1) Ancient philosophers such as Plato considered the circle to be the most perfect and mysterious shape—a symbol of truth, divinity, and transcendence. (Today we know that pi, the ratio of a circle’s circumference to its diameter, is literally a transcendental number.) That seems pretty appropriate for a company obsessed with simplicity and great design—and for a structure that Jobs hopes will be “the best office building in the world.”

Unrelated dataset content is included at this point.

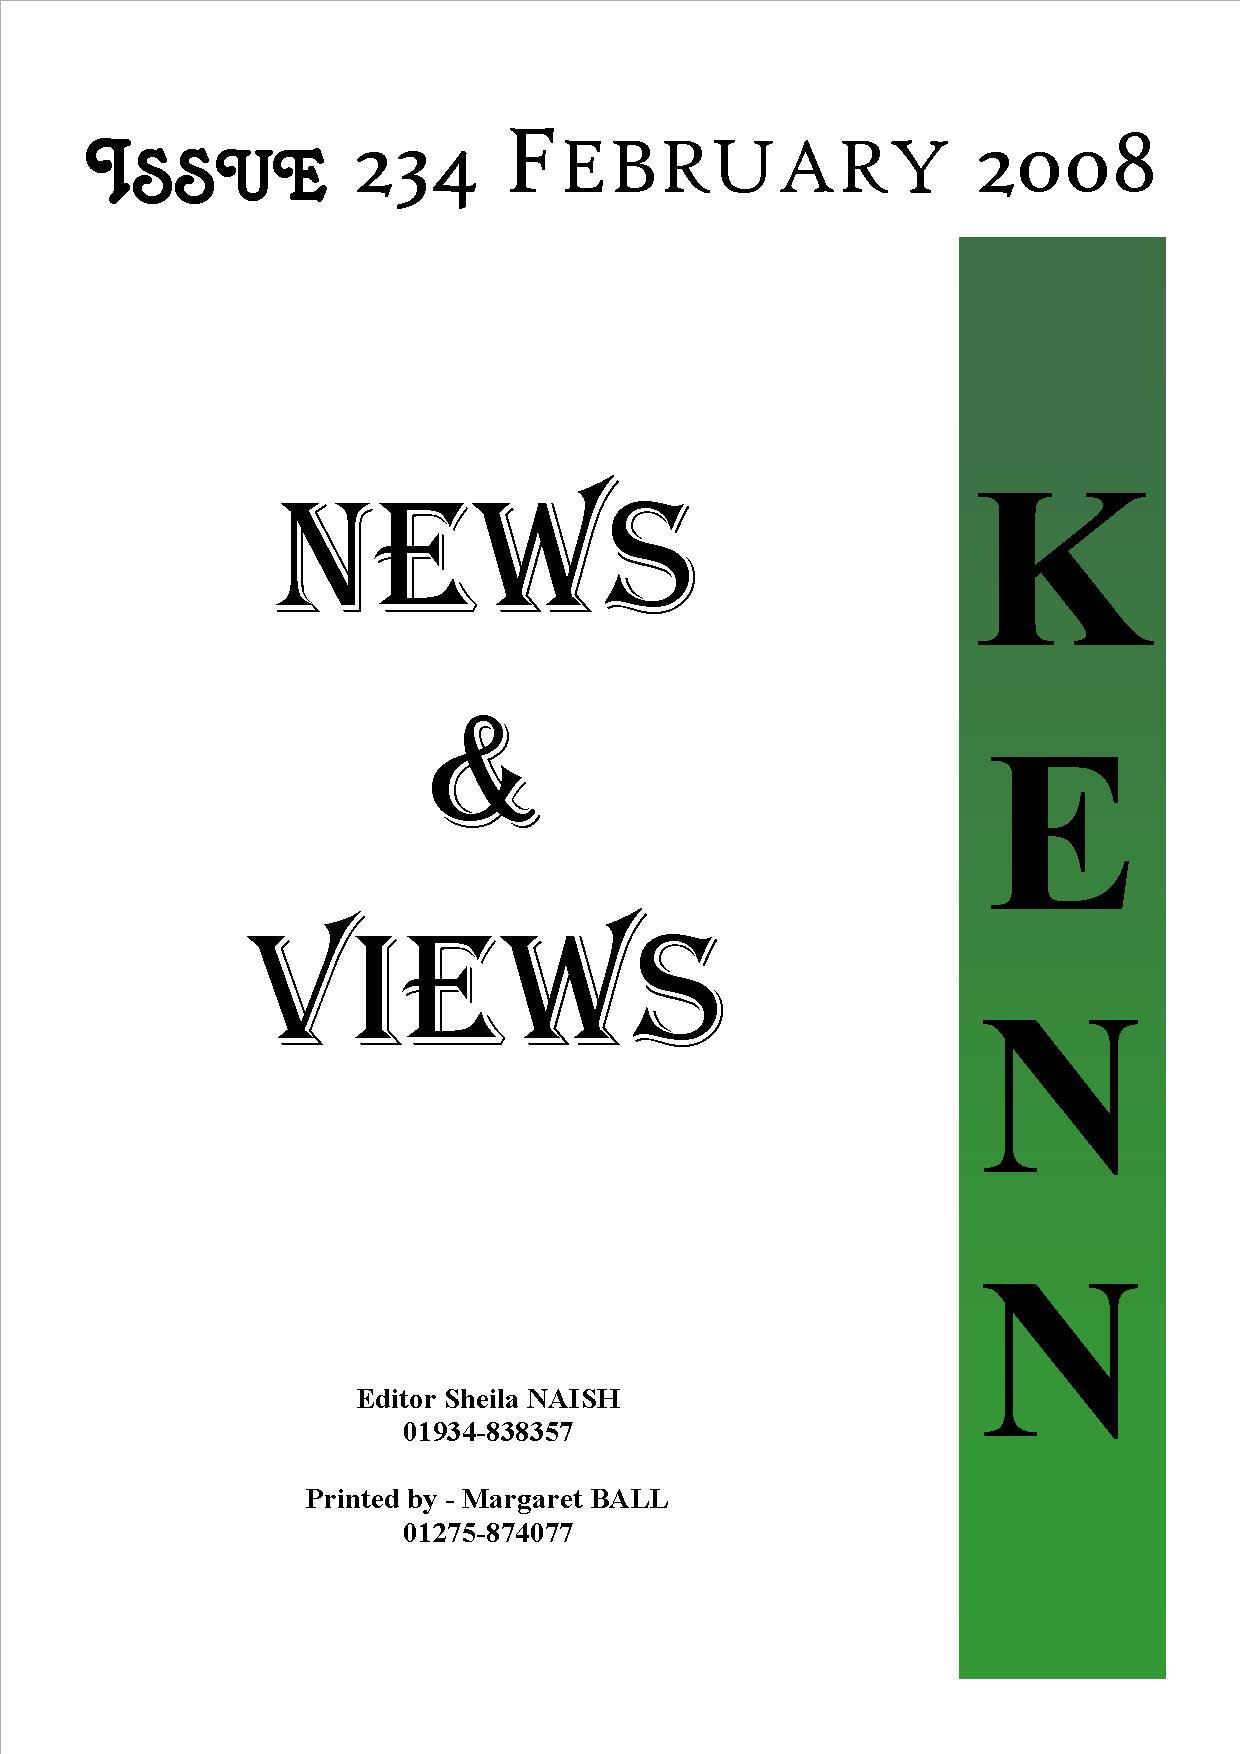 february 2008 cover
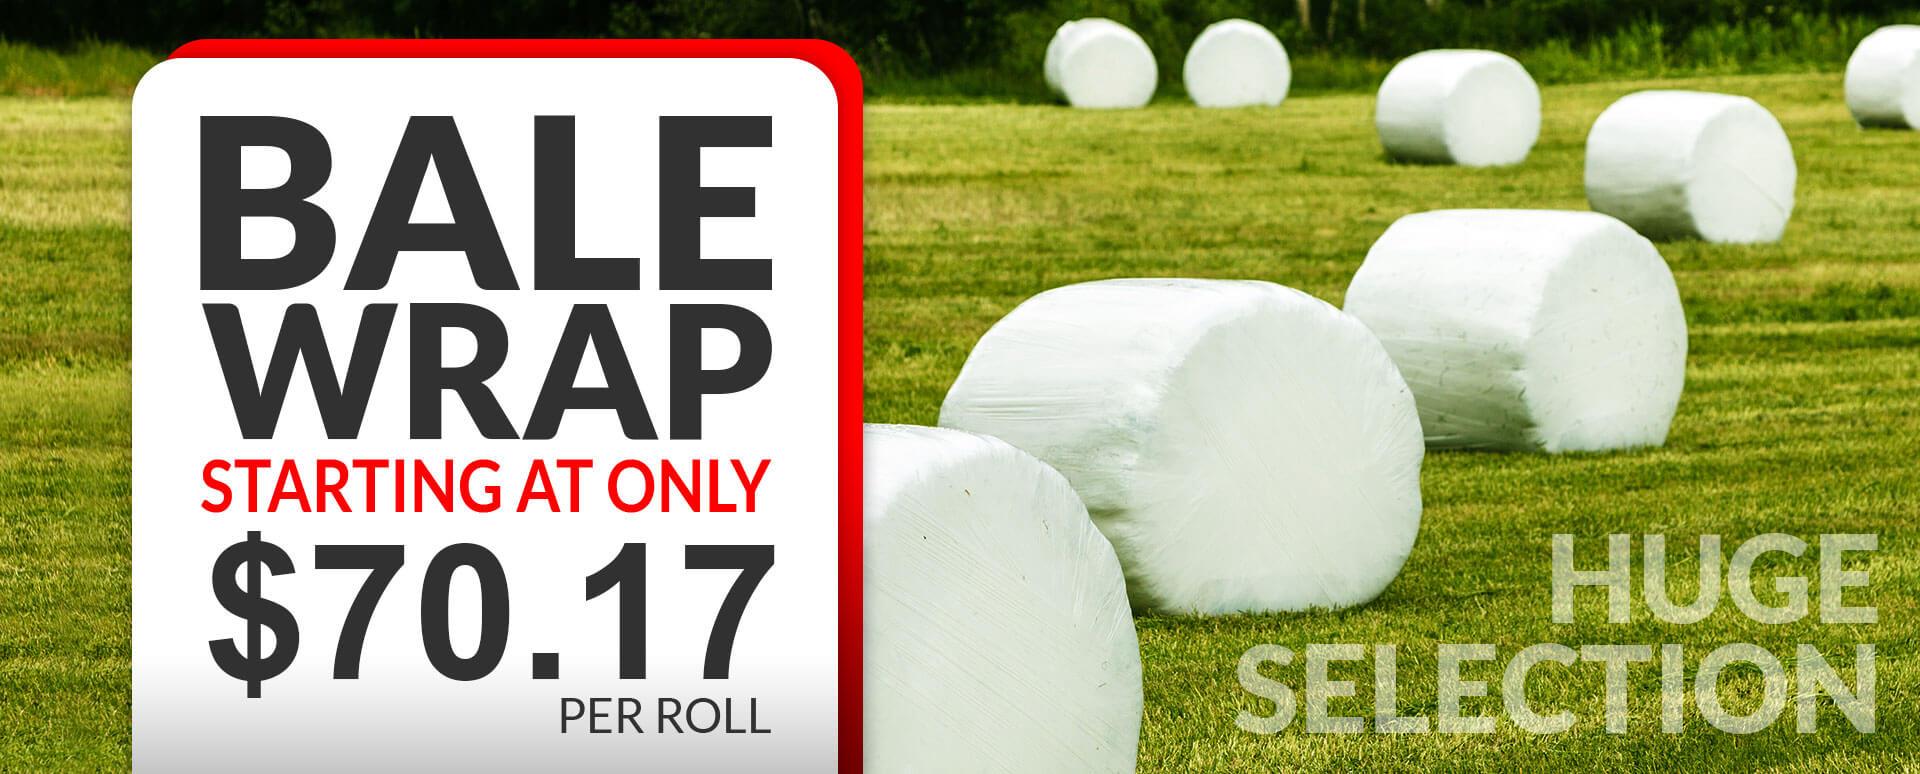 KSI Supply - Bale Wraps Huge Selection

2) A circle is the most efficient shape for putting a lot of employees within close walking distance of their managers and one another. That’s an important factor at a company known for strong, top-down leadership. Related to this (and perhaps on the downside):

3) Apple’s design recalls the panopticon, a circular prison designed in the 18th century by English social philosopher Jeremy Bentham to allow guards to observe all of the inmates at once. The only thing missing from Apple’s plans is the central tower.

4) The Apple “spaceship” design looks a lot like the UK Government Communications Headquarters, home to MI 5, MI 6, and the rest of Britain’s spy community. (See a theme here?)

5) Glass circles are big at Apple’s retail stores—the downtown Boston store has a cool circular staircase, for example, and the atrium of the Shanghai store is one giant glass cylinder. Once Apple gets a design meme in its collective head, it works it and reworks it. So it will be interesting to see whether the idea pops up in the form of a product. Maybe the iPhone 7 will be a round, glassy thing like the palm-held holo-projectors in the Star Wars prequels.

6) The circle retains the symbolism of Infinite Loop, the street that allows employees to circumnavigate Apple’s current campus at I-280 and De Anza Boulevard.

7) It also symbolizes the numeral zero, which, along with 1, is the foundation of the digital revolution. On top of that (as Scott Forstall would say), “circle” has the same root as “circuit”—the Greek base ker, meaning to turn or bend.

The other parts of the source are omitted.